Sordid financial love triangle at the heart of Anglo debt problem
- Published
The debt burden at the former Anglo-Irish Bank is a messy legacy of the Irish government's hurried bank bailout in 2010.
Its restructuring is proving to be a sticky affair too.
Initially, the deal to secure Anglo and shore up its financial position was a financial love triangle involving the "bad bank", the Dublin government and the Irish Central Bank.
The Irish Central Bank handed Anglo 30.6bn euros (£26.3bn).
It did this through a scheme called Emergency Liquidity Assistance - it created the money from nowhere and passed it on to Anglo.
But the Republic of Ireland is part of the Eurozone and is not allowed to magic money from nowhere - that is the job of the European Central Bank.
So, to keep within the rules, Anglo had to have something on its books as collateral to balance the amount given to it by the Irish Central Bank.
That is where the Irish government entered with its gigantic IOU - or Promissory Note. It promised to pay 30.6bn euros (£26.3bn) to Anglo over a 15-year period so that it could pay back the Central Bank.
Money 'disappearing'
On the original repayment plan, the government would give Anglo 3.1bn euros (£2.6bn) next month to pass on to the Central Bank.

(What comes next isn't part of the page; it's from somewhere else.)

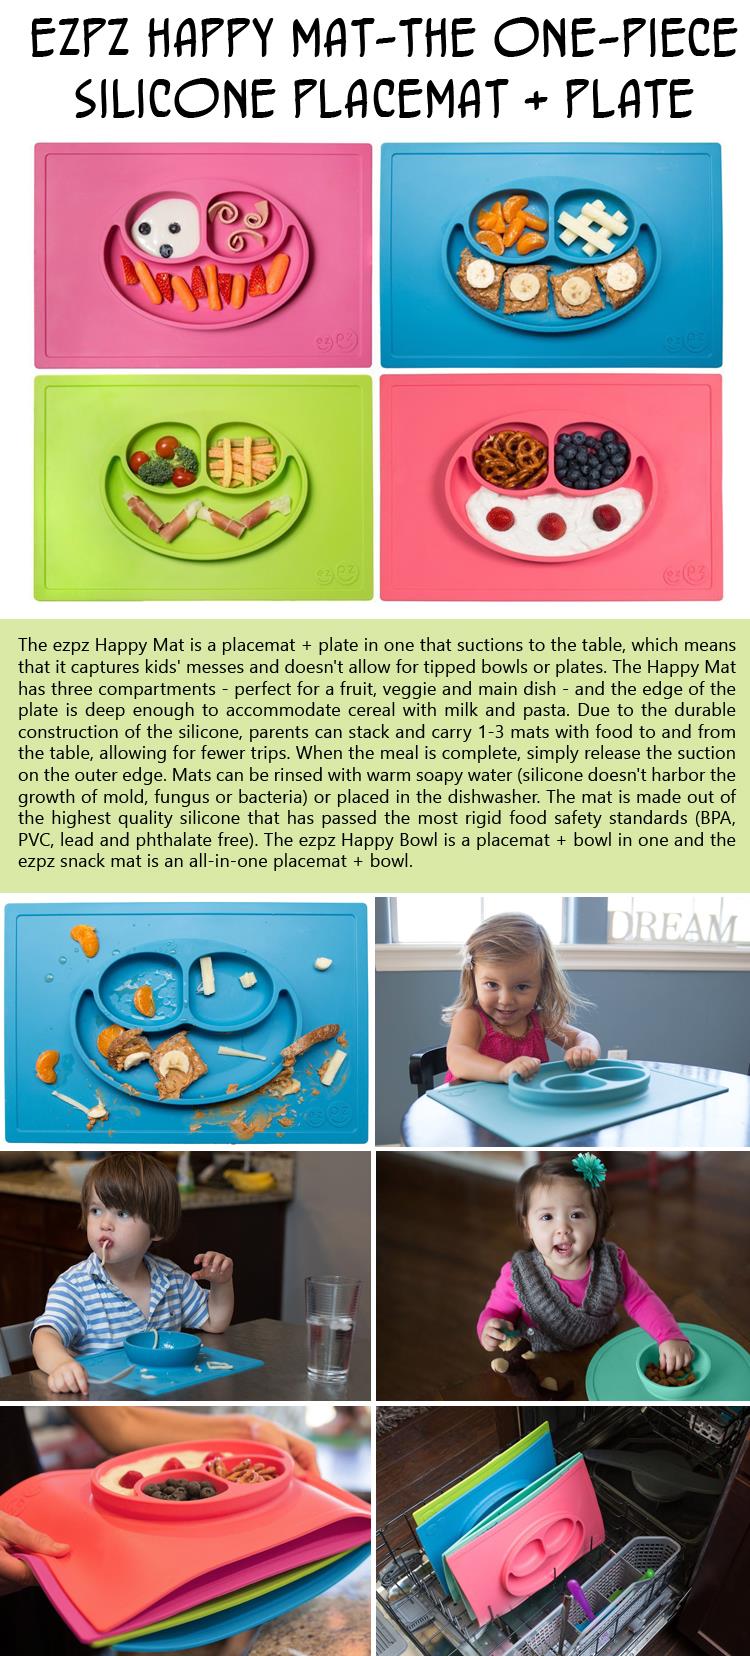 ezpz Happy Mat-The One-piece silicone placemat and plate

Again, under ECB rules, that money would then be destroyed - not euros being physically burnt, but numbers deleted from a spreadsheet. Nonetheless, that is real taxpayers' money disappearing.
And that would continue for the next decade - sending amounts equivalent to around 2% of the country's economic output up in smoke each year. The new plan should reduce that payment considerably, but the details have yet to emerge.

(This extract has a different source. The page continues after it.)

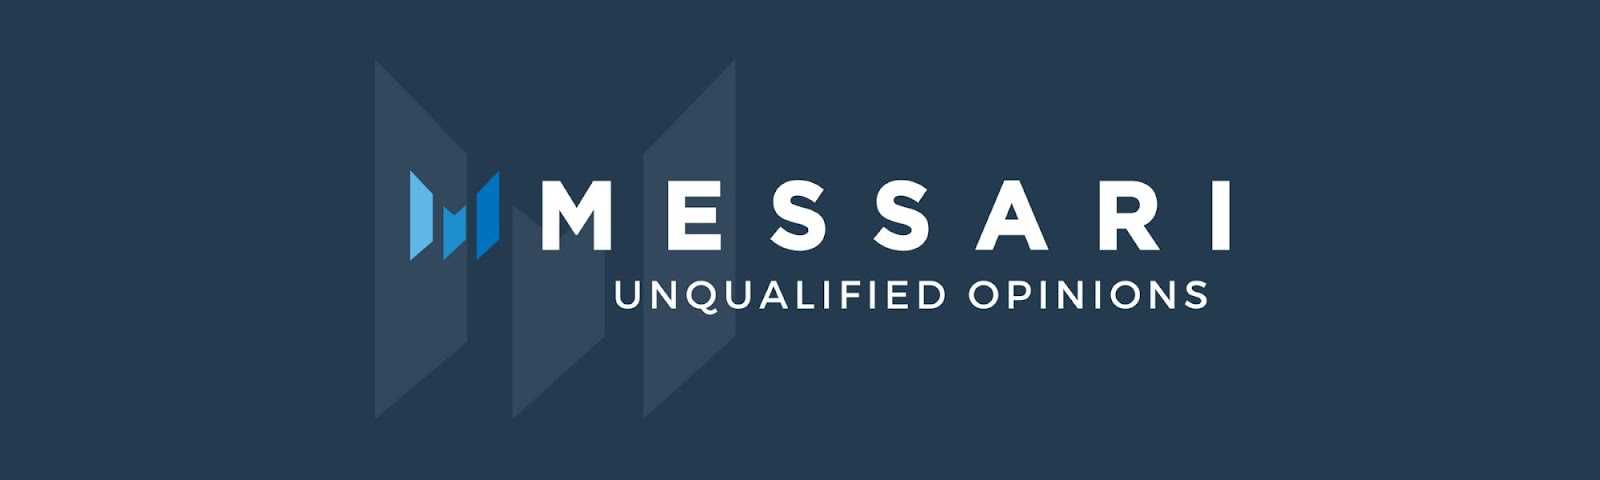 Messari Unqualified Opinions, crypto, newsletters

It is not hard to see why this has become such a controversial issue. Without a deal to restructure, the coalition government could fall and Ireland's gold star performance within the bailout programme could be threatened.
A deal could strengthen the government and its international standing and allow Ireland to exit its bailout programme swiftly this year.
But the remaining stumbling block is the attitude of the ECB. It needs to approve the scheme as it has implications for other bailout countries using Emergency Liquidity Assistance, like Spain.
It cannot allow a precedent that writes off debt or has the same effect as allowing a Eurozone country to print its own money.
So, all eyes will be on Frankfurt on Thursday where the ECB is meeting.